News / Asia

    Kyrgyzstan Forms New Coalition Government

    Almazbek Atambayev, leader of the Social Democratic Party of Kyrgyzstan, and the proposed new prime minister (FILE).
    Almazbek Atambayev, leader of the Social Democratic Party of Kyrgyzstan, and the proposed new prime minister (FILE).

    Three political parties in Kyrgyzstan have formed a ruling coalition, ending weeks of political uncertainty following October's parliamentary elections.

    Social Democrat Party leader Almazbek Atambayev said Tuesday his party has joined forces with the Ata-Meken and Respublika parties. Atambayev says he will become Kyrgyzstan's new prime minister.

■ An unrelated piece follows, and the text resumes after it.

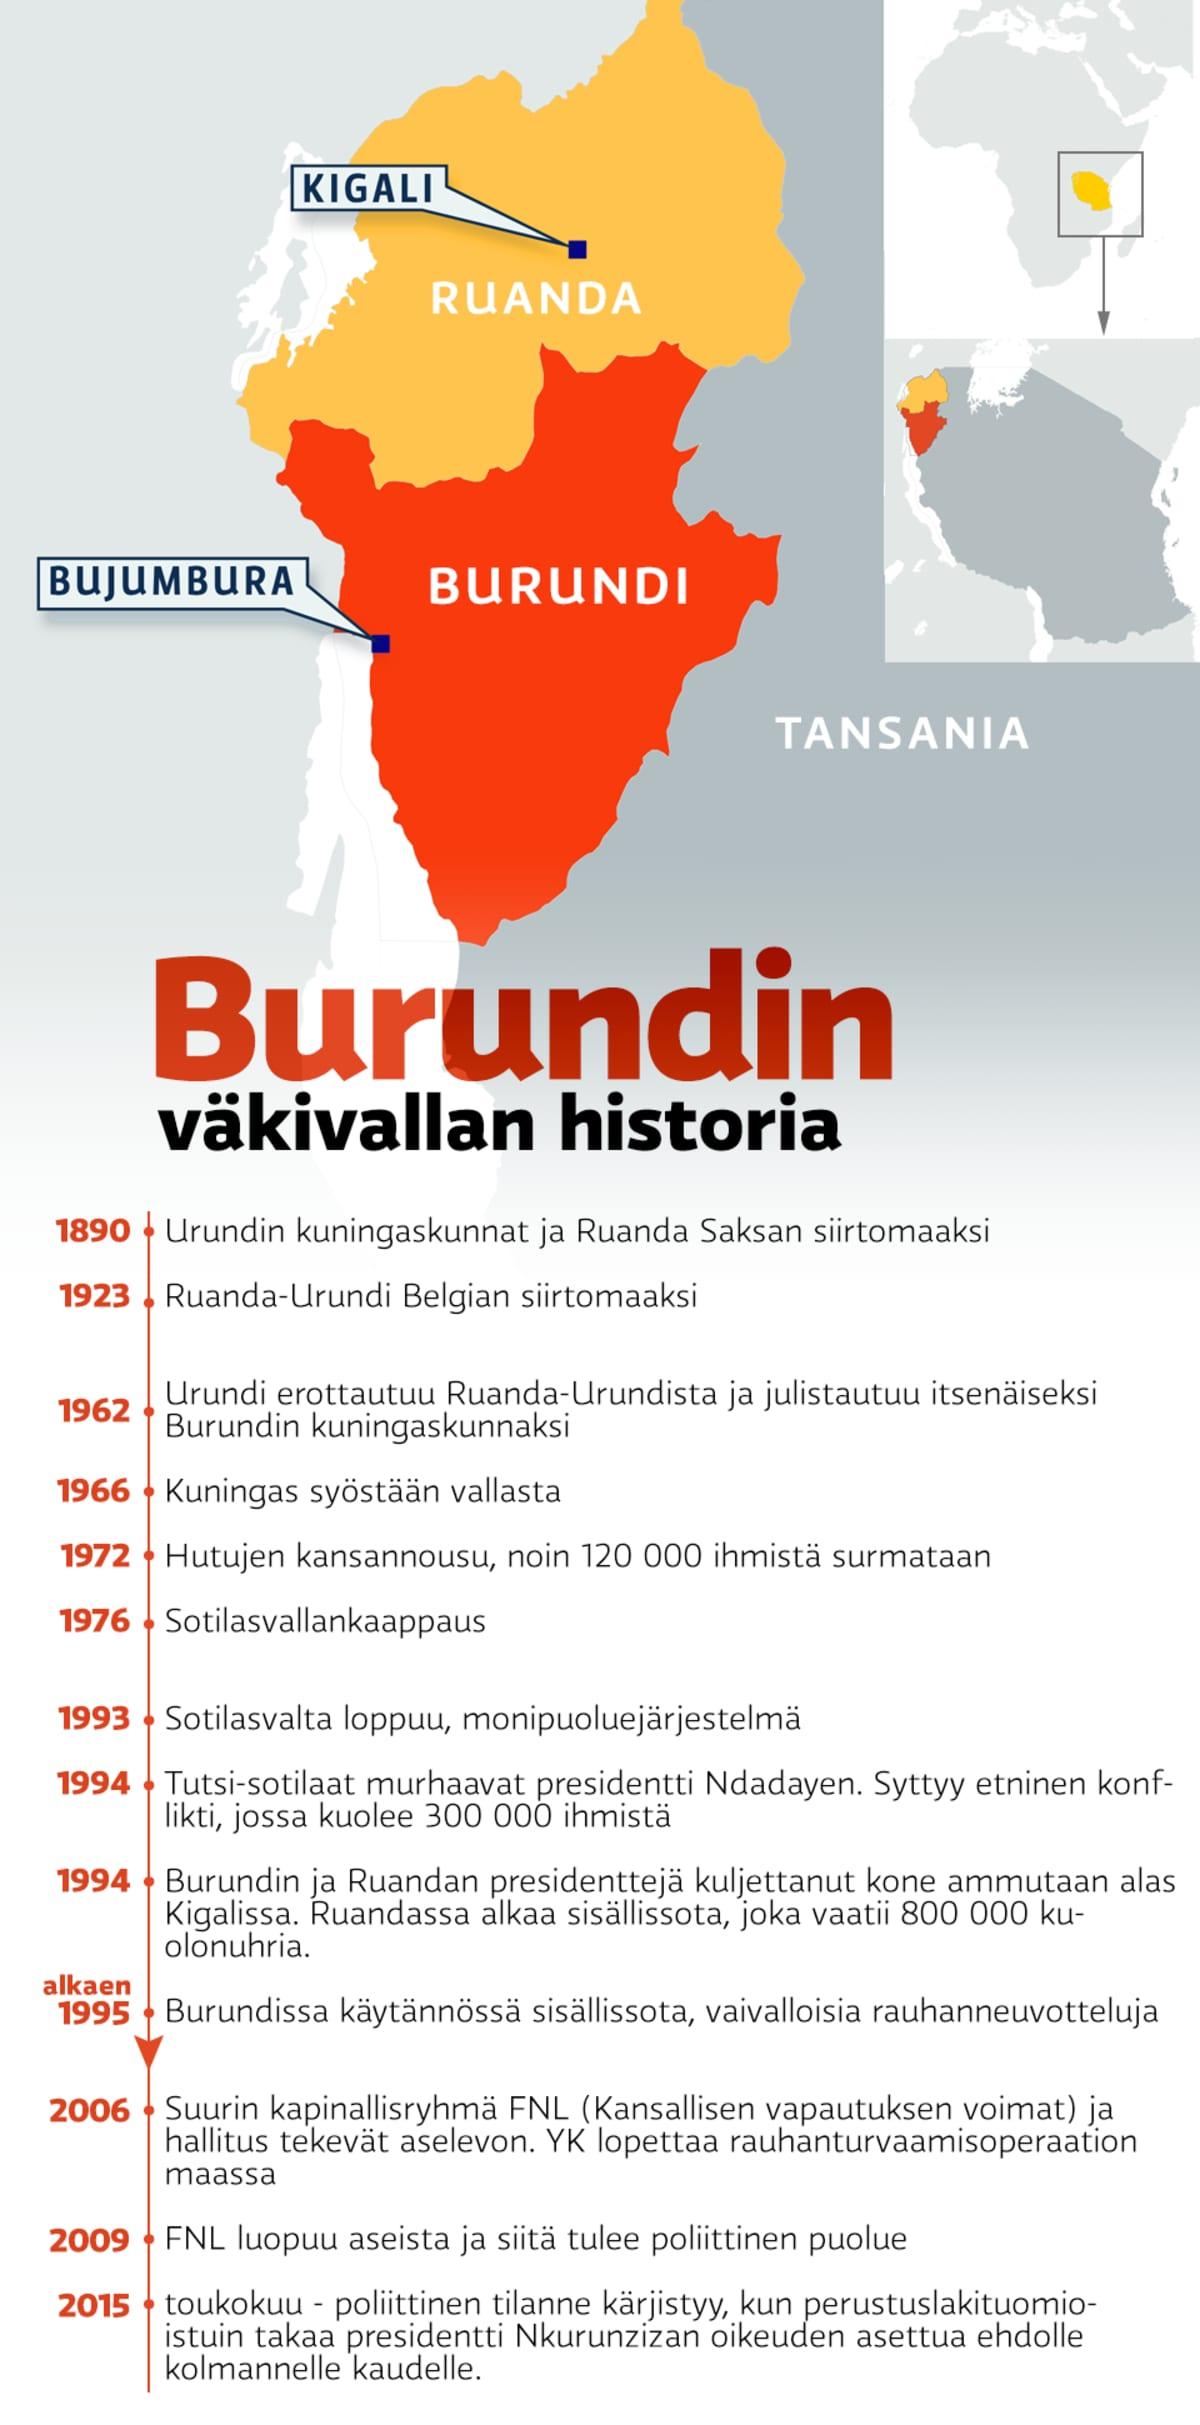 Aikajanagrafiikka Burundin väkivaltaisesta historiasta 1890-luvulta nykypäivään.

    Also Tuesday, an explosion in the Kyrgyz capital wounded two people outside the site of a court hearing for the country's deposed leader and other former officials. Authorities say the blast in Bishkek wounded two police officers outside the sports stadium where the hearing is being held.

    Security officials said the attack likely was meant to intimidate people in the Central Asian Nation, where political tensions are high. The violence comes days ahead of a planned visit by U.S. Secretary of State Hillary Clinton.

    The formation of a new government is a turning point for the country that has been aggravated by political violence and a troubled south.

    The new parliament will take on powers that were stripped from the presidency in a June referendum.
    Five parties won parliamentary seats in the country's first democratic election. The Ata Zhurt party won the most seats in the 120-member national assembly, but failed to win a majority.

    Ata Zhurt did not join the coalition because several of its members were closely linked to former President Kurmanbek Bakiyev, who was overthrown in April in violent street protests. He lives in exile in Belarus.

    A Kyrgyz court is hearing a case against Bakiyev and other former officials. They are accused of using violence against protesters in the deadly April uprisings that brought down the government.

    Kyrgyzstan also is still reeling from several days of riots in June between ethnic Kyrgyz and minority Uzbeks that killed hundreds of people and displaced 400,000 others in the country's south.